The Complete guide to Linux Distributions
theGEEK writes
"Techweb has "Your Complete
Guide to Linux Distributions" - it's a fairly large article aimed at corporate types for integrating Linux into the company. "
Covers all the biggies and some of the minors more geared towards
the suits.
Obviously, a web publication is better than a book for tracking Linux... But why did they write it like this? Couldn't they have set some wide standards of comparison? They comment that SuSE has feature A, and Red Hat has feature B, but they don't mention that Debian has A or B, they just say it has feature C.... ?? What the heck? Like it doesn't?

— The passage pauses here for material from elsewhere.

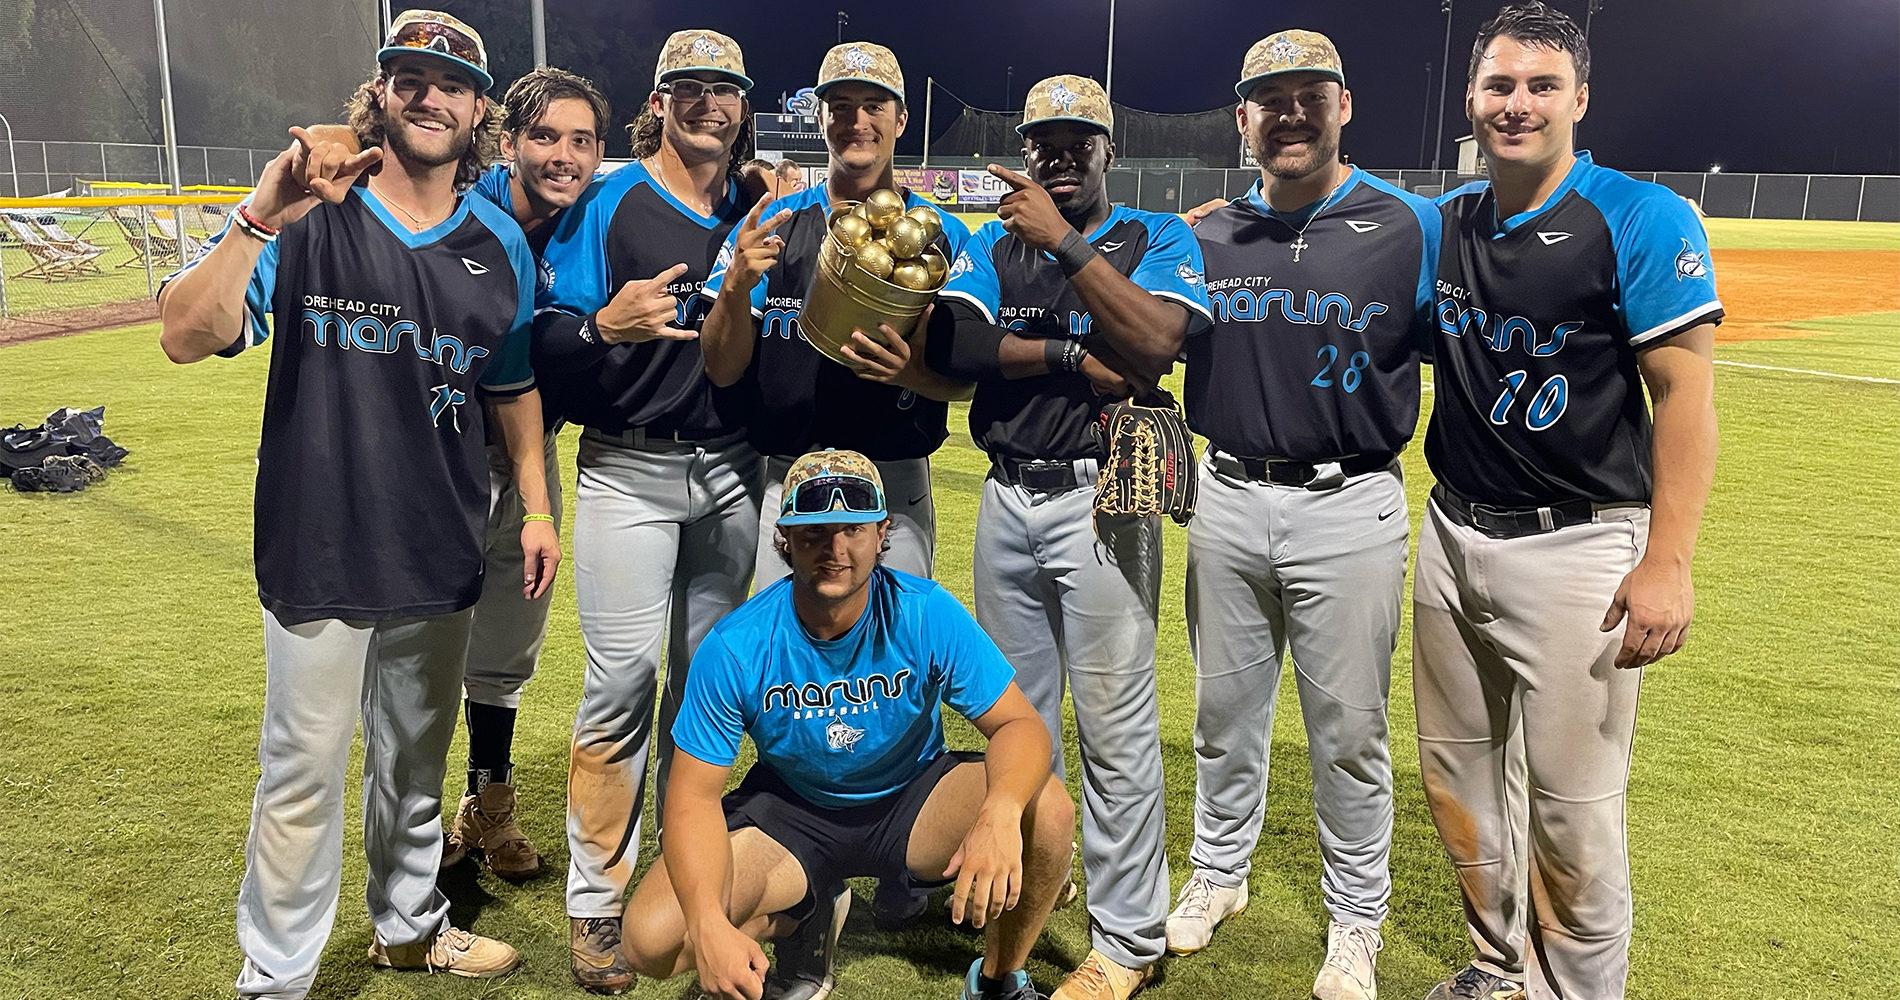 Marlins Crush Sharks, Win Inaugural Golden Chumbucket Series

In several cases it does, and Red Hat has A, and SuSe has B...
Not to mention the fact that SuSE is at 6, and Hat will be at 6 by the time anyone who reads this actually sorts through all this double talk and orders it...
They might as well have just put up a table of what's avaliable and provided links... Oh wait, there is already a page of links at www.linux.org... maybe they should have just reviewed www.linux.org, and not tried to pick such a wide moving target.
Slackware, the best distro ( IMO ) got sidestepped and given a 2 sentence overview. How pathetic. It deserves to be given at LEAST a semi-in-depth mention. The reason a lot of people, like myself, enjoy Linux is because of the power it lets you have over the operation system and not the other way around. Slackware embodies this power.... http://www.slackware.com
======== In the future, everything will be artificial. ========
Like others have said, as a whole the article wasn't too bad. It does suffer somewhat from outdated information, hwoever. For example, Caldera no longer sells WABI. They also didn't mention that WABI only supported 16-bit Windows apps in the first place.
...
I also was shaking my head a bit at the "reconfigure without reboot" aspect that Debian was touted to have. IMO, that's effectively true with all Linux distributions. I know we don't have to reboot our Redhat-based servers for most configuration changes. I was expecting to see for Debian "potentially better packaging / upgrade system" rather than what I did see here.
Some have mentioned that there wasn't mention of Linux support for other architectures in the article. Two things: 1) It *was* mentioned that Linux ran on Sparcs, Alphas, etc. etc. 2) The article was focusing on the x86, so comparing Debian/Alpha and Redhat/Alpha would be inappropriate anyhow.
Even the BSDs got a mention under "Alternatives". That was pretty cool, even though I'm not a BSD user.
I did like the fact that for once we get an article posted that *isn't* Linux vs NT - rather it focused on "So you want to use Linux."
A more current rewrite of the article would be nice, though
-- Rick
just made a quick search for my favorite distribution as a sanity check, and:
Distributors such as Stampede, notes Raymond, have taken Red Hat sources and recompiled them for Pentium-only architecture, vs. the default 386 compile.
i am not an expert, but i don't think stampede has done this at all, afaik every package is compile from origonal source, and not the srpms, but certainly, it is not the basis of the distribution. they write further:
Although this adds some processing speed, it sacrifices Red Hat support, and because the performance bottleneck is more likely to be in the I/O system, recompiling doesn't add that much real difference.
which i don't buy either - overall stampede feels damn snappy, although i haven't seen an actual fact-based analysis anywhere.
i haven't (and now probably won't) read the whole thing, but this is atleast one knock against the article.